Thrust 1: Hybrid Design and Precise Synthesis

Thrust 1 leverages the distinct attributes of hybrid organic and inorganic chemical systems and employs new preparation and characterization approaches guided by computation to systematically advance rational synthesis of complex solids.

Goals

• Design/demonstrate complex hybrids to achieve novel physical behaviors.
• Develop novel preparative methods that balance the disparate requirements of the targeted inorganic/organic components to achieve high-quality crystal/films.
• Employ in-situ experimental probes and advanced ex-situ characterization to guide organic/inorganic hybrid synthesis.
• Build nanostructured components with unique functionality.

Thrust 2: Chirality, Spin, and Magnetism

Long spin-coherence time present with large spin-orbit coupling (SOC) provides great opportunities for spintronics. What gives current Pb-based HOIS the unique ability to have large SOC yet exhibit long spin-coherence times? We hypothesize that we can control Rashba and Dresselhaus effects by compositional tuning of 3-dimensional/2-dimensional systems, along with incorporating strain and/or electric fields. These spin phenomena are necessarily related to topology.
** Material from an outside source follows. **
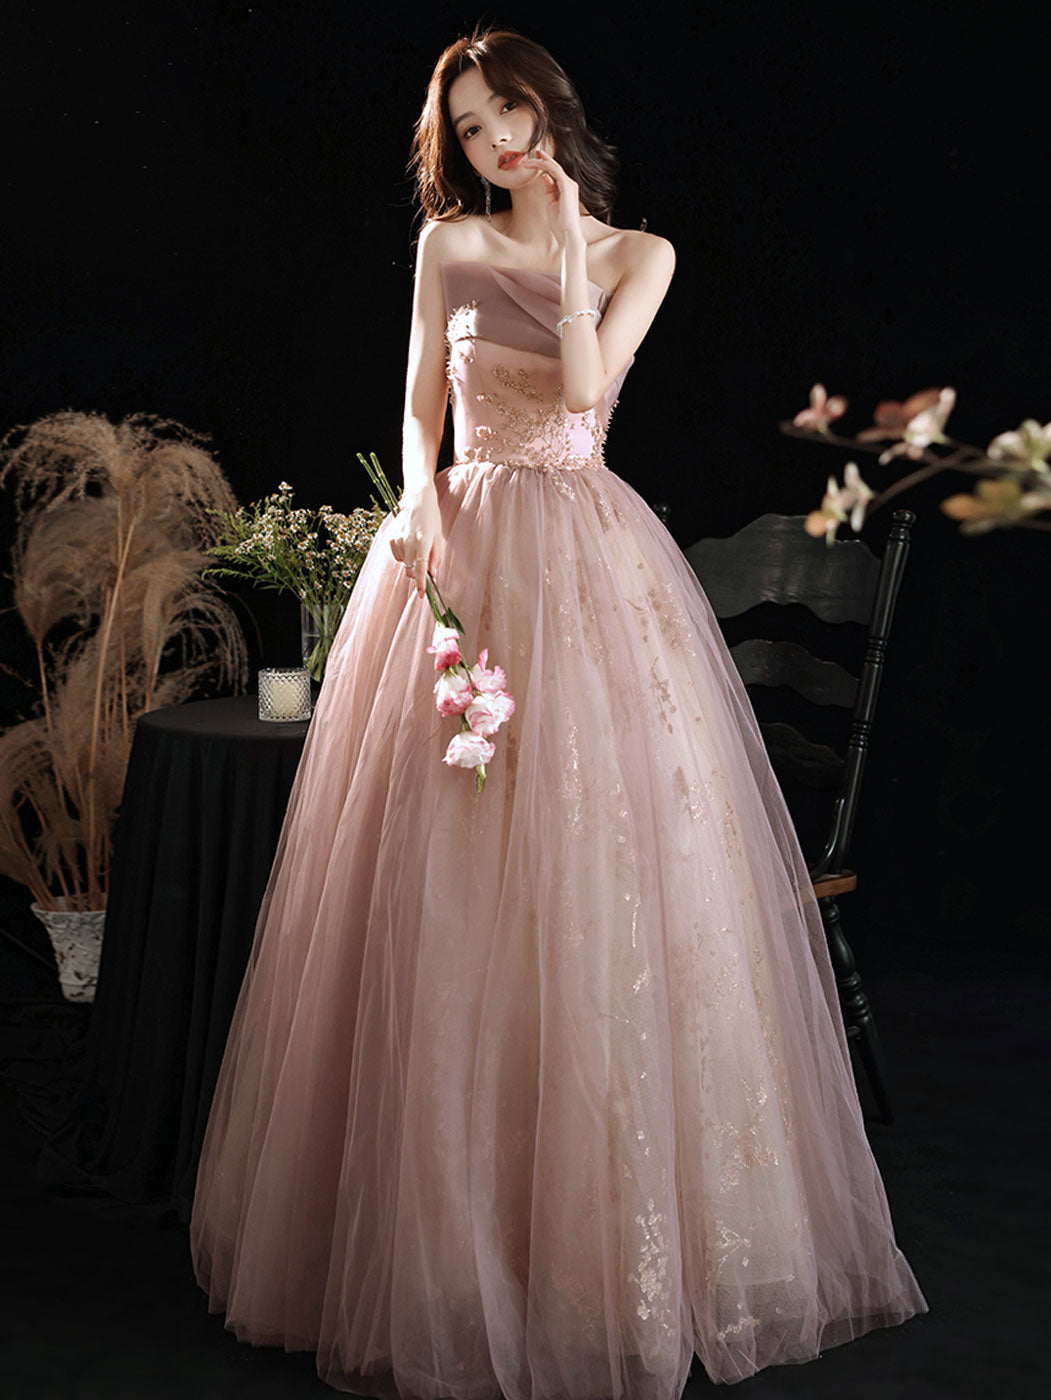 Aline Pink Long Prom Dress, Formal Pink Lace Graduation Dress with Sequin Lace Beading

As we gain control and better understanding, we will examine novel topological phenomena at surfaces and interfaces.

Goals

• Elucidate how SOC relates to spin-coherence times by controlling/tuning Rashba splitting via strain, doping, dimensionality, and composition.
• Learn to inject and harvest spins in spin-based architectures.
• Explore the effects of dimensionality on controlling spin relaxation.
• Uncover how to realize topologically protected states.

Thrust 3: Photo-Induced Processes

Light/matter interactions play a fundamental role in many technologies, such as light-emitting diodes, photodetectors, lasers, non-linear optics, photovoltaics, and quantum information processing. Optical response is intimately tied to lattice and composition (both bulk and surface), density of electronic states and occupation in both conduction/valence bands, and spin degree of freedom. However, we lack detailed mechanistic understanding of these connections.

Goals

• Uncover the role of structure and composition on ordering of electronic states and optical selection rules, and tailor photo-physical phenomena.
• Elucidate and control the factors that govern narrow- and broad-band emission.
• Interrogate the level splitting, structural asymmetry, and Rashba terms by their connection to nonlinear optical interactions.
• Elucidate the mechanisms governing light-induced structural changes.
• Investigate the photocatalytic potential of HOIS systems.

Thrust 4: Impact of Soft Lattice

Many unusual charge transport, recombination, thermal relaxation, and electromechanical behaviors have been observed—yet, the origins of these phenomena remain unclear. We elucidate structure/function properties that govern how charges interact with the lattice to induce unusual optoelectronic properties.

Goals

They address four areas of controlling charge-carrier phenomena:

• Interaction of charge carriers with defects, strain, and phonons.
• Charge transport/recombination near, at, and across interfaces.
• Emergent phenomena associated with lattice distortion, polarization, and doping.
• Interaction of carriers and phonons to slow carrier cooling (hot carriers).